Панайотис не говорил мне, был ли он тогда с флейтой, но мне почему-то казалось, что был.
Она снова кивнула и стояла, не поднимая головы.
— Не тревожься, Сельви, — ласково сказал я. — Этот юноша — мой друг! Он любит тебя! Ты хотела бы увидеть его и говорить с ним?
— О Чамил! — она снова прижала ладони к груди.

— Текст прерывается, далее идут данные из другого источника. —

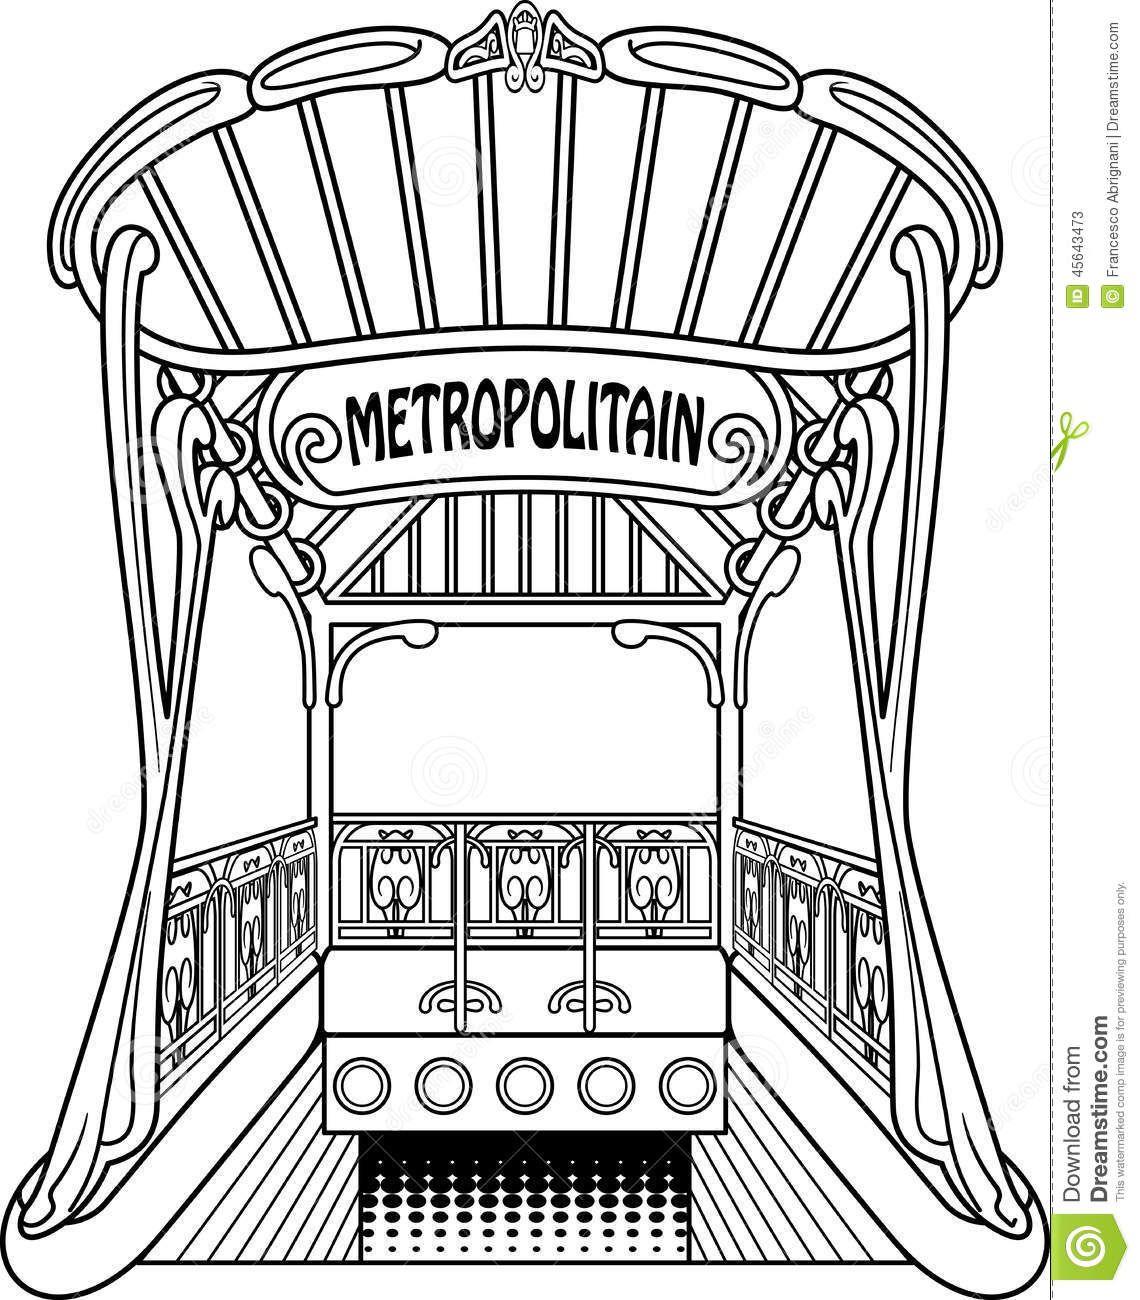 Plaque Metro Parisien Deco image result for paris metro vector | metro paris, little paris
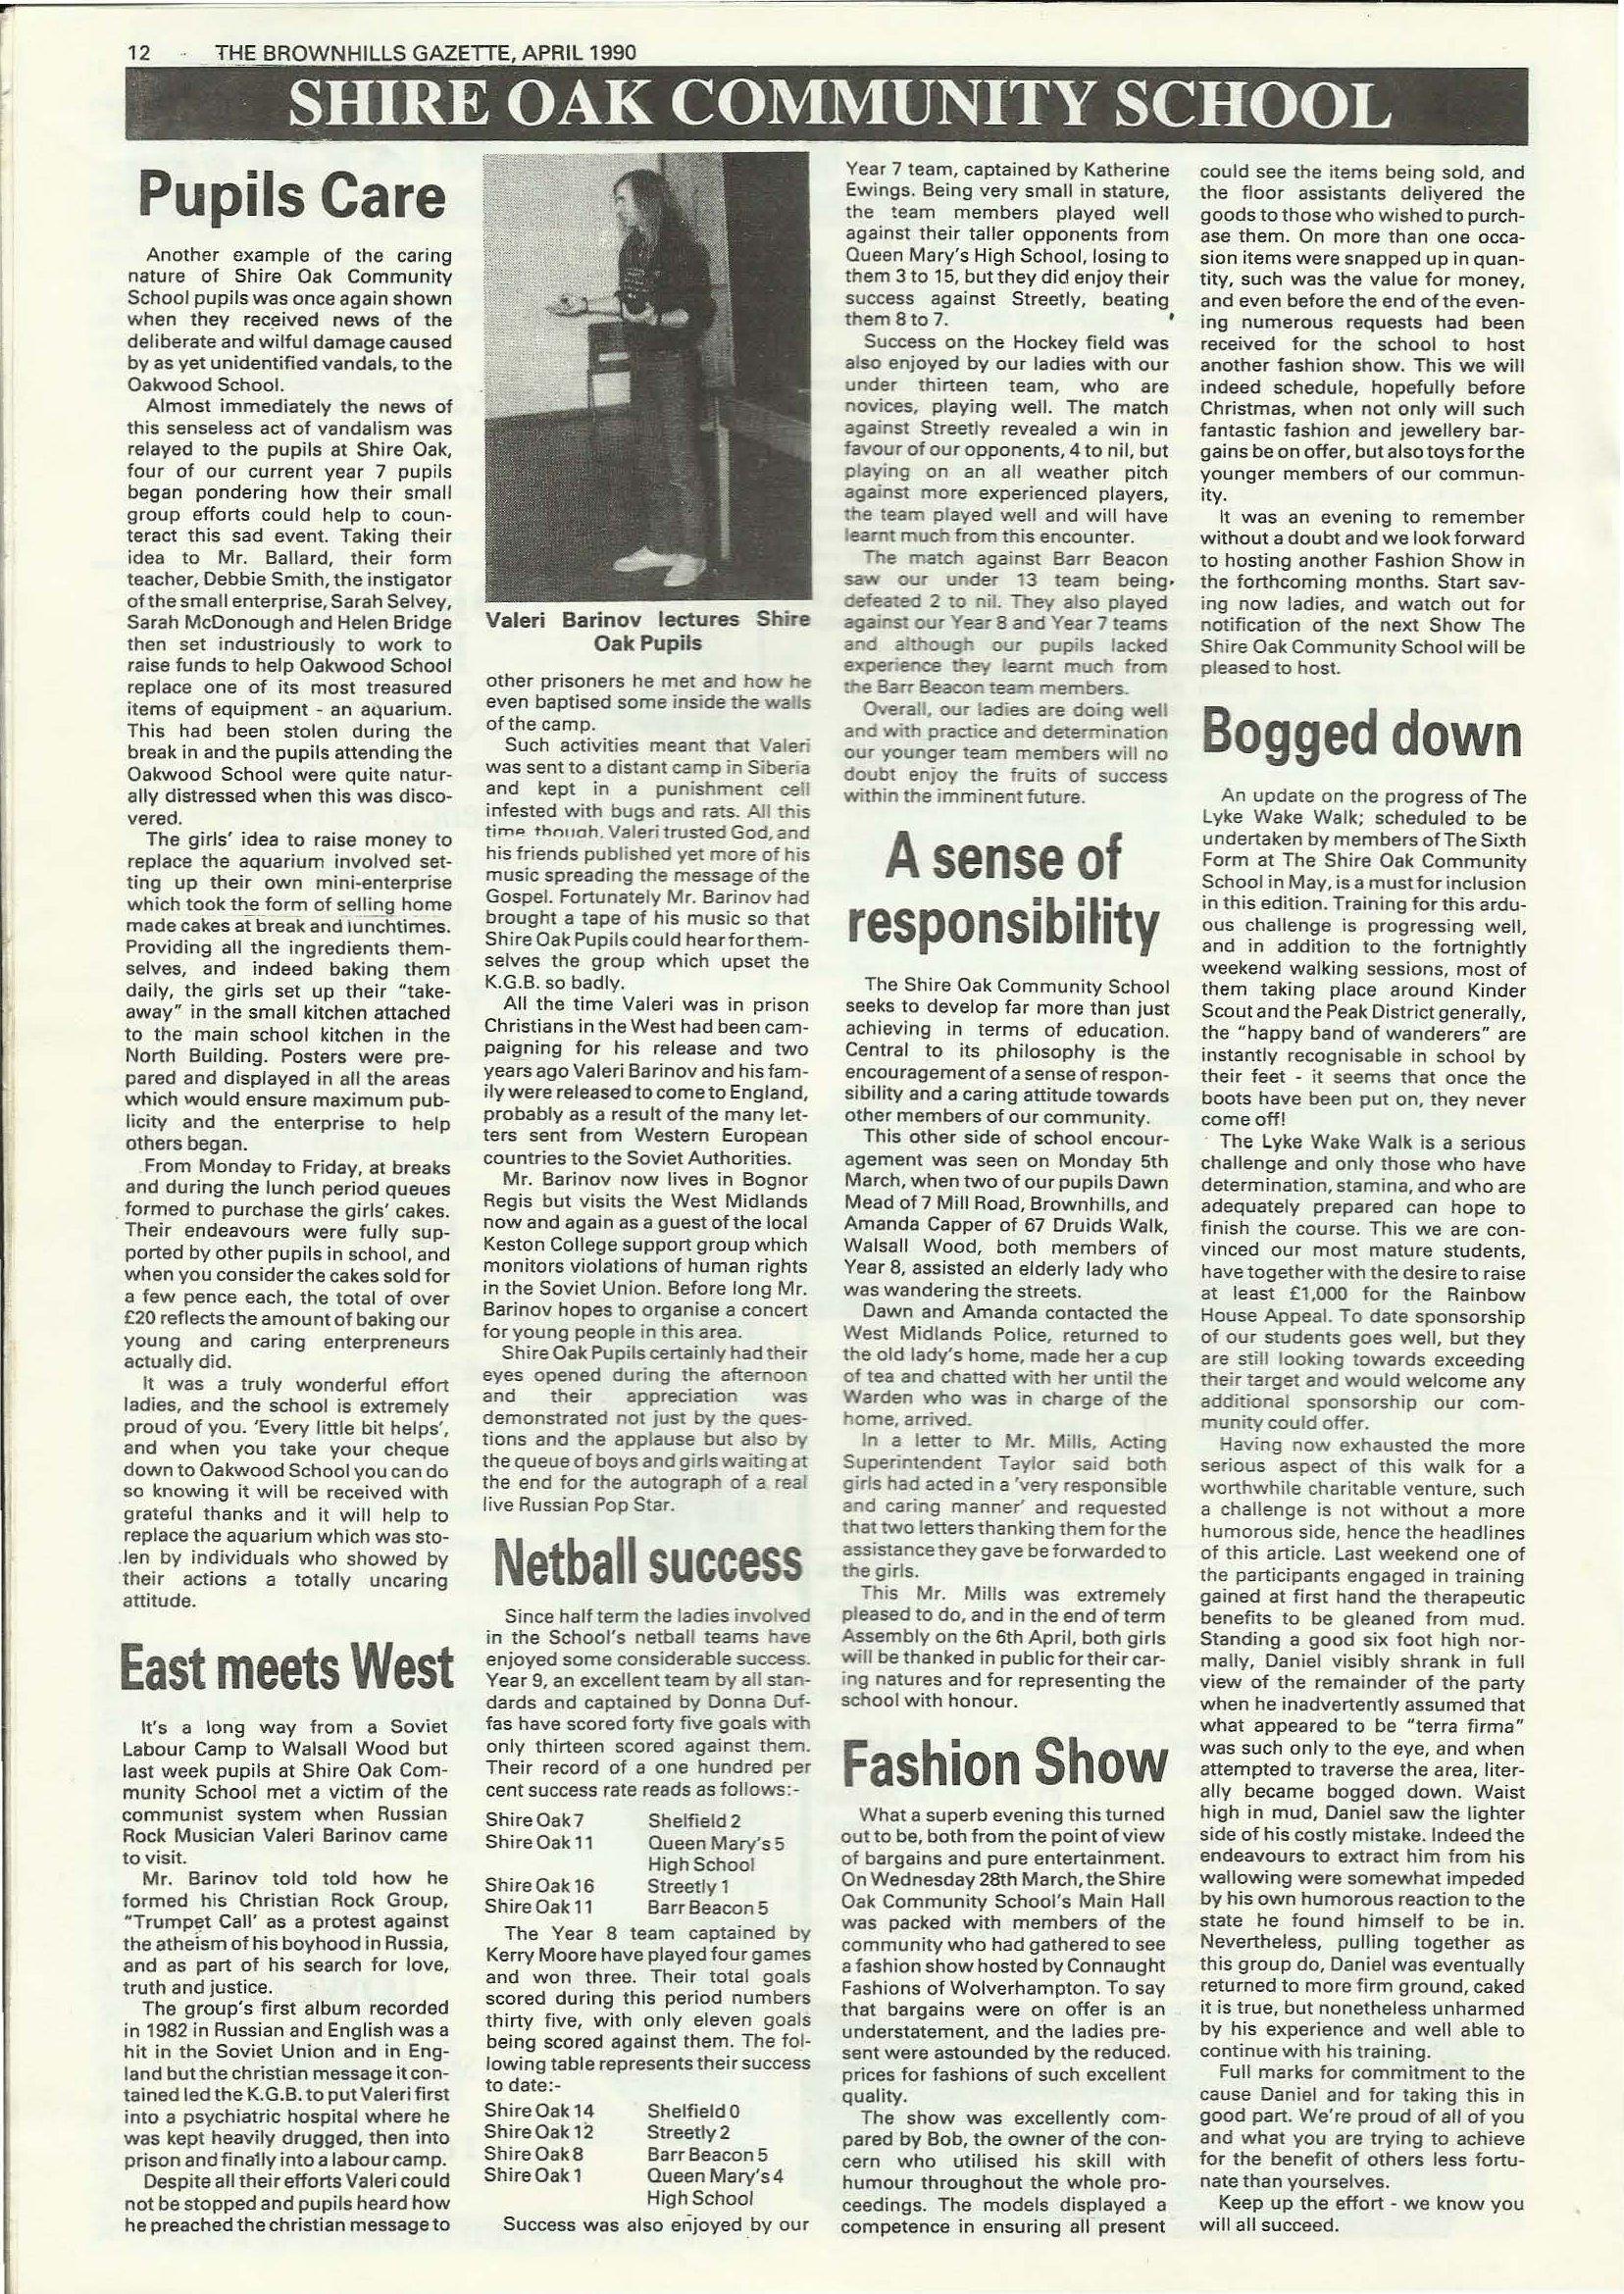 Brownhills Gazette April 1990 issue 7_000012

— Жди нас здесь через два дня!
— Так долго! — невольно воскликнула она.
Я не мог не улыбнуться. Я уже снисходительно, как взрослый, относился к любовной горячности этой юной девушки.
— Да, через два дня. Они быстро пролетят. Ты не побоишься выйти в полночь и открыть вон ту дверцу? Сумеешь? Тебе не будет страшно?
— Нет, нет! Страшно? Мне будет радостно!
— Тогда так и сделай. И жди нас.
Мы вернулись к деду.
— Что? Наговорились? — спросил он. — А Сельви повеселела. Приходи еще, Чамил! Жаль, что я не могу оставить тебя обедать. Но, увы, приходится считаться кое с кем! — он зажмурил один глаз и подмигнул нам. Мы с Сельви весело рассмеялись.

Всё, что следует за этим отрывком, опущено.